I was wondering if the Wolves that were gathering with the Goblins of the Misty Mountains were just ordinary Wolves or were they Wargs?


----------



## Calimehtar (Jan 3, 2003)

By that, it says just wolves. So, I might be wrong in thinking that those were Wargs. But in The Fellowship of the Ring, I believe Wargs were coming their direction when they were deciding on whether to go in Moria or not. Let me look for that...
\/\/\/\/\/\/\/\/\/\/\/\/\/\/\/\/\/\/\/\/\/\/\/\/\/\/
*The Hobbit: Chapter 6: Page 98* 
*Version: Del Rey Paper Back* 
*All of a sudden they heard a howl away fown hill, a long shuddering howl. It was answered by another away to the right and a good deal nearer to them; then by another not far away to the left. It was wolves howling at the moon, wolves gathering together!* 
\/\/\/\/\/\/\/\/\/\/\/\/\/\/\/\/\/\/\/\/\/\/\/\/\/\/\/
Anyways, I always thought those were Wargs until I was asked to look up the quote and found this. Here they are called Wolves every time but in The Fellowship of the Ring they are called Wargs every time. Does anyone know where it says they are Wargs in The Hobbit? What about the Battle of Five Armies... I think those might have been Wargs. If I find the quote, I'll post it on here.


----------



## FoolOfATook (Jan 4, 2003)

> But even the wild Wargs (for so the evil wolves of the Edge of the Wild were named) cannot climb trees.

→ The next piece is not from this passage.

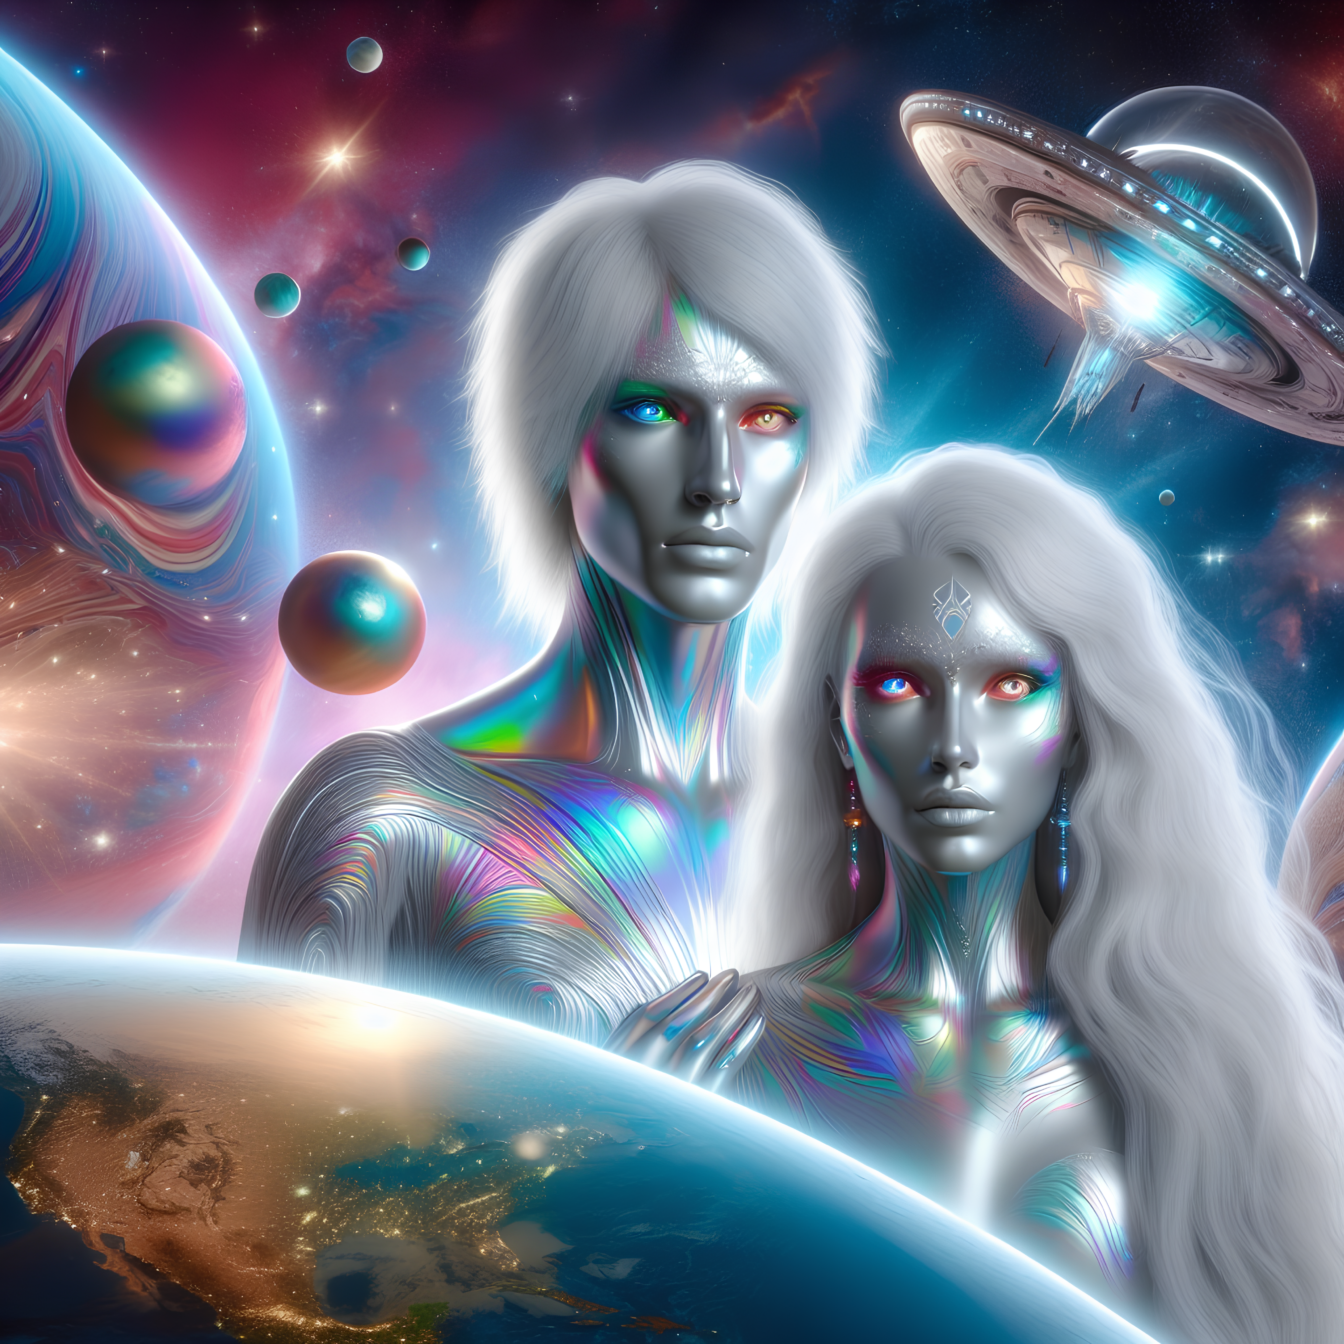 Grafik af mandlig og kvindelig humanoid med evnen til at forudsige fremtiden ved hjælp af astrologi

> The Wargs and the Goblins often helped one another in wicked deeds





> Every now and then all the Wargs in the circle would answer their grey chief all together, and the dreadful clamour almost made the hobbit fall out of his pine-tree



All of these quotations are from Chapter 6 of _The Hobbit_. I'm using _The Annotated Hobbit_, and they agree with my Houghton Mifflin edition. It was indeed a pack of Wargs who attacked the company after their escape from the Goblins in the Misty Mountains.


----------



## Calimehtar (Jan 8, 2003)

OK Thanks! I knew it was Wargs in the Battle of 5 Armies, but wasn't sure about the Pine Trees and all.


Thanks,
Cali'


----------